Neonatal cholestasis: opportunities to increase early detection.

机构信息

Department of Pediatrics, Washington University, St. Louis, MO 63110, USA.

出版信息

Acad Pediatr. 2012 Jul-Aug;12(4):283-7. doi: 10.1016/j.acap.2012.03.021. Epub 2012 May 26.

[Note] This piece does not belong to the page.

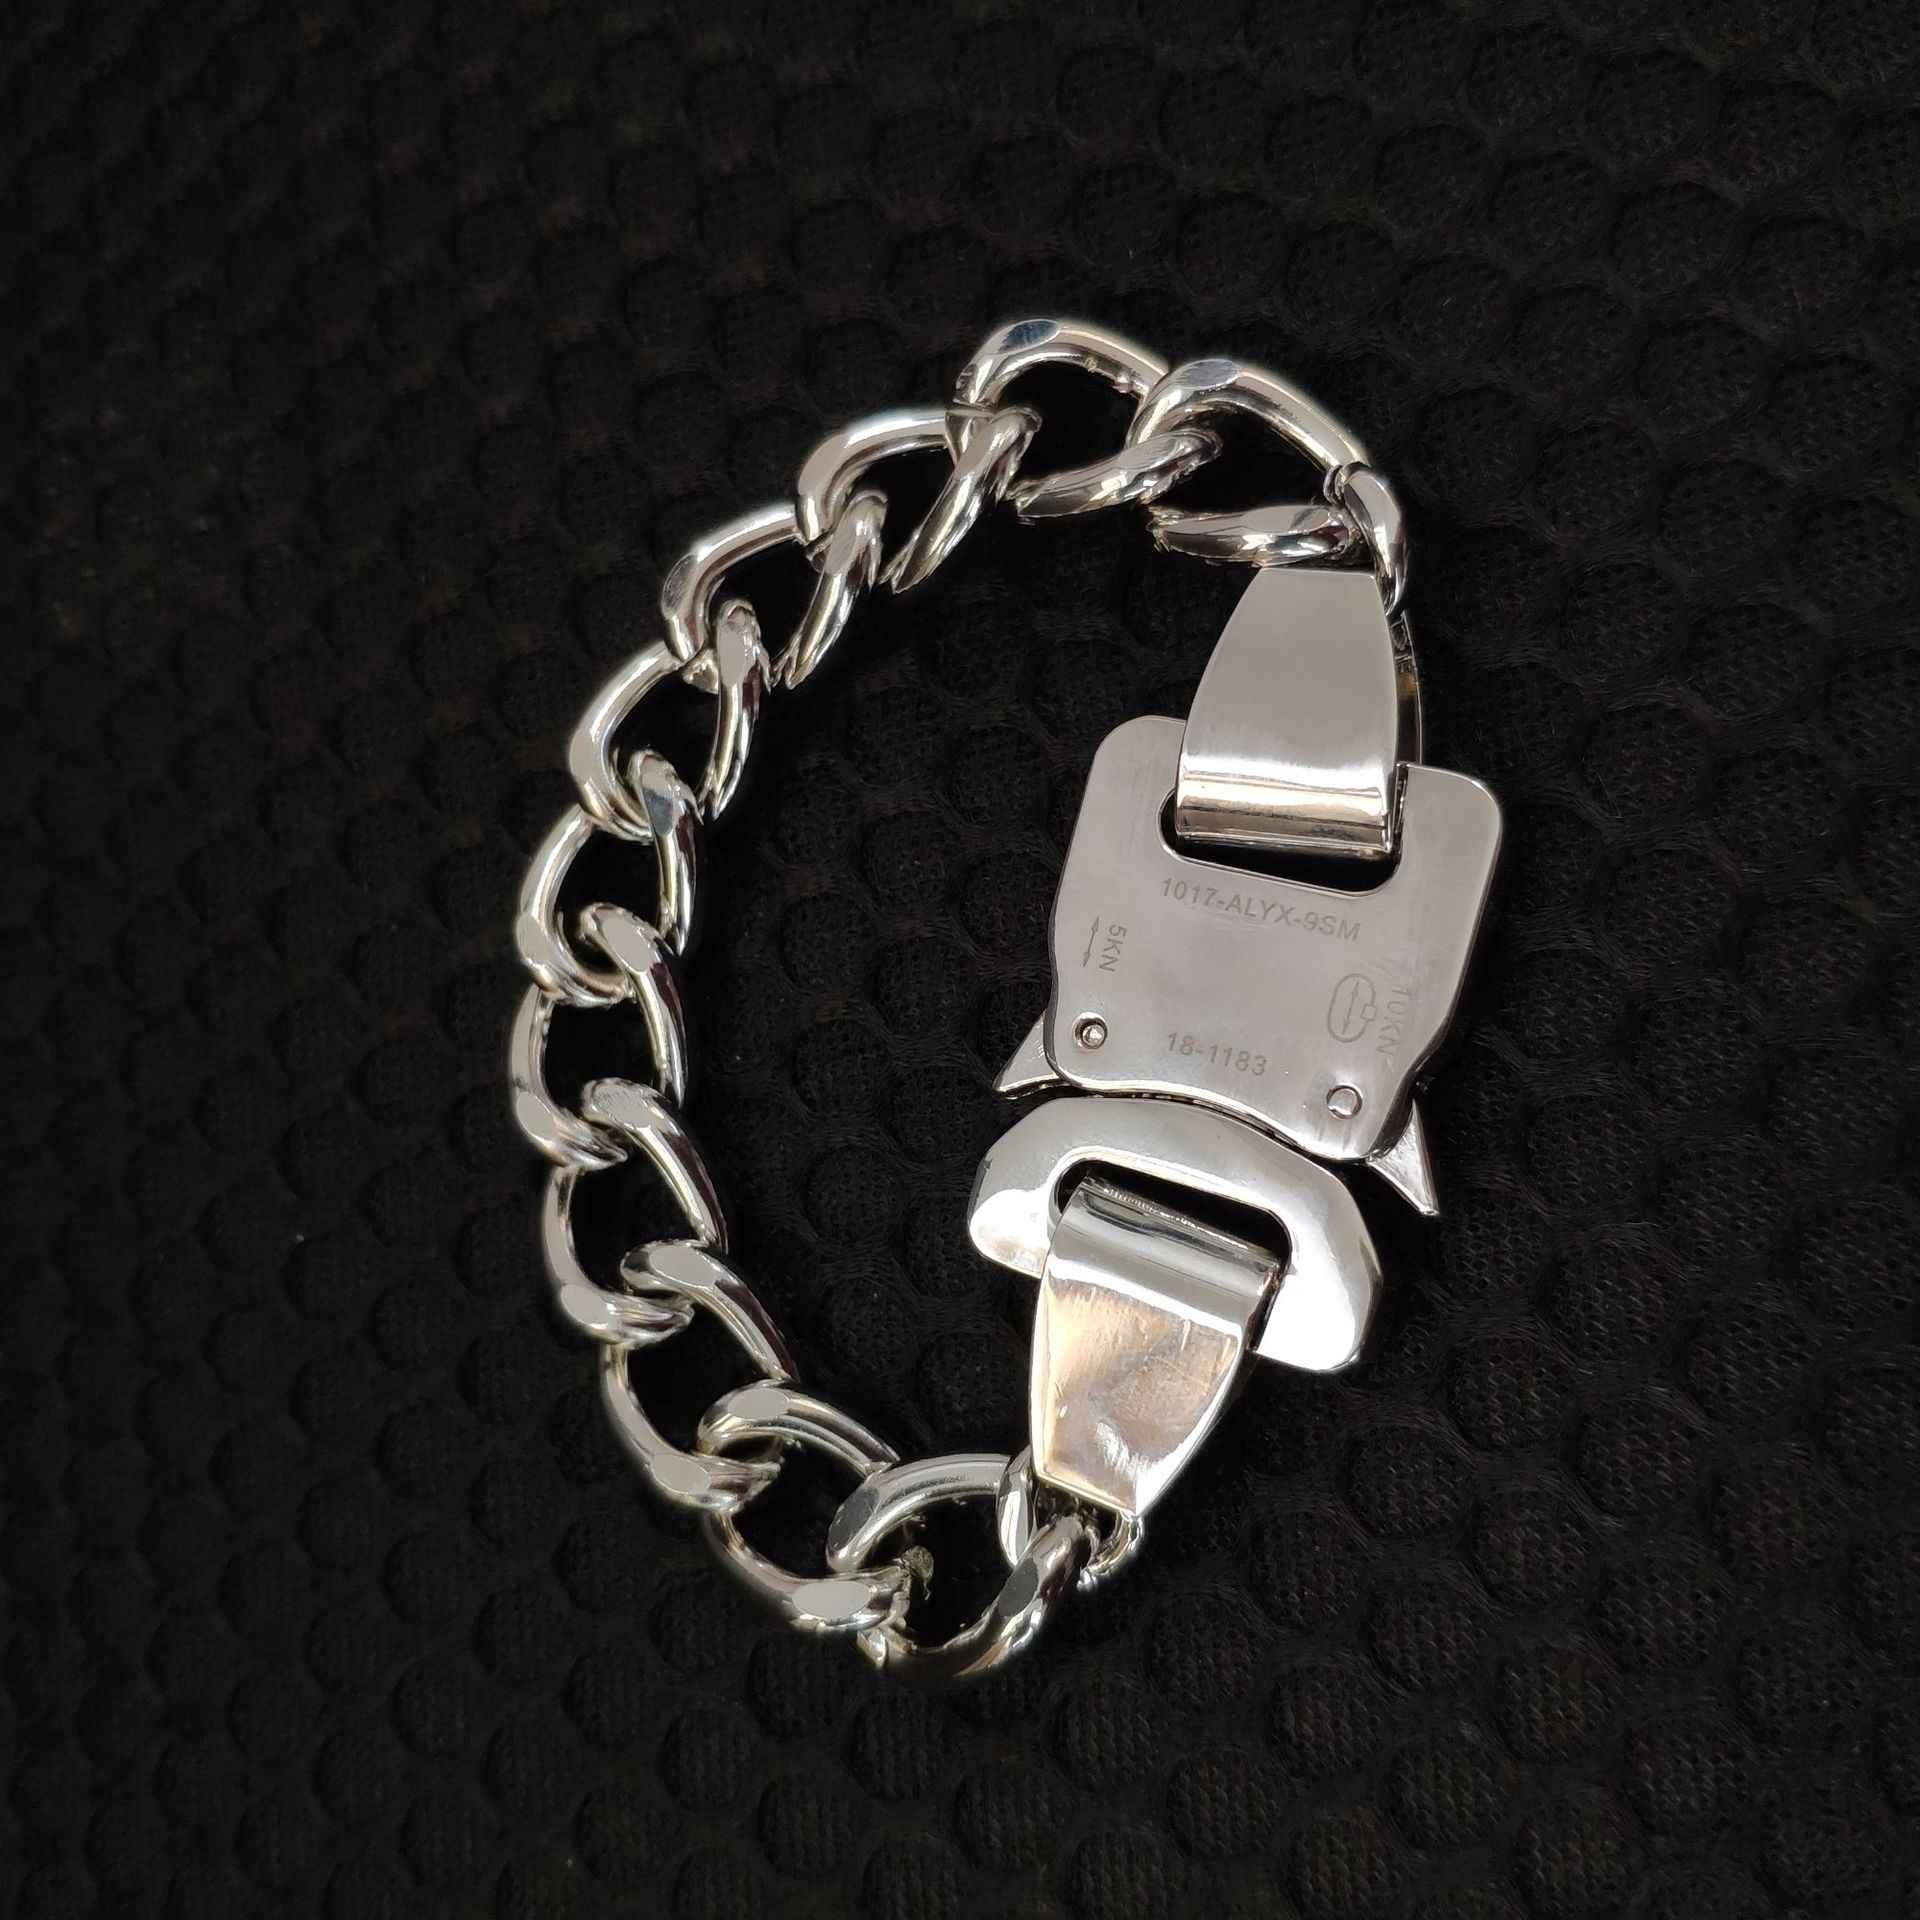 2019 Nieuwste Metalen Ketting ALYX ketting Armband riemen AMBUSH Hip Hop Mannen Vrouwen Outdoor ALYX Straat Accessoires

DOI:10.1016/j.acap.2012.03.021
PMID:22634076
原文链接:https://pmc.ncbi.nlm.nih.gov/articles/PMC3398230/
Abstract

OBJECTIVE

To describe primary care management of early and prolonged jaundice in otherwise-healthy term infants to identify opportunities to increase early diagnosis of cholestasis.

METHODS

Community-based pediatricians in St Louis, Missouri completed a mailed, anonymous, 29-item survey to assess practice demographics, timing of routine newborn office visits, and the management of early and prolonged neonatal jaundice.

RESULTS

A total of 108 of 230 (47%) of eligible physicians responded (mean years in practice, 15.3, SD, 9.4). More respondents were very familiar with national guidelines for management of early (49%) than prolonged (16%) neonatal jaundice. Eighty-six percent reported all newborns were checked with transcutaneous bilirubin before hospital discharge. For transcutaneous bilirubin results at 48 hours of 7, 10, 12 and 15 mg/dL, 1%, 26%, 70%, and 74% of respondents, respectively, would order a fractionated bilirubin. Although the first routine visit usually occurred in the first week after discharge, 25% of physicians reported the 2nd visit was routinely scheduled after 4 weeks of age. Ninety-four percent reported they would obtain a fractionated bilirubin for infants jaundiced beyond 4 weeks of age. If cholestasis was identified at 6 weeks of age, 32% would obtain additional testing without referral to a subspecialist.

CONCLUSIONS

Management of early and prolonged neonatal jaundice is variable. Current practices appear to miss opportunities for early diagnosis of cholestasis and referral that are unlikely to be addressed without redesigning systems of care.

摘要

目的

描述一般健康足月婴儿早发性和迁延性黄疸的初级保健管理,以确定增加胆汁淤积症早期诊断的机会。

方法

密苏里州圣路易斯的社区儿科医生完成了一项邮寄、匿名、29 项的调查,以评估实践人口统计学、常规新生儿门诊就诊时间以及早发性和迁延性新生儿黄疸的管理。

结果

共有 230 名合格医生中的 108 名(47%)做出了回应(平均从业年限为 15.3 岁,标准差为 9.4 岁)。更多的受访者非常熟悉早期(49%)而非迁延性(16%)新生儿黄疸管理的国家指南。86%的受访者报告所有新生儿在出院前均进行经皮胆红素检查。对于 48 小时的经皮胆红素值为 7、10、12 和 15mg/dL,分别有 1%、26%、70%和 74%的受访者会开胆红素分离医嘱。虽然第一次常规就诊通常发生在出院后的第一周,但 25%的医生报告第二次就诊通常在 4 周后。94%的受访者表示,如果婴儿黄疸持续超过 4 周,他们会进行胆红素分离检查。如果在 6 周龄时发现胆汁淤积,32%的人会在不转诊给专科医生的情况下进行额外检查。

结论

早发性和迁延性新生儿黄疸的管理存在差异。如果不重新设计医疗保健系统,目前的做法似乎错过了早期诊断胆汁淤积症和转介的机会。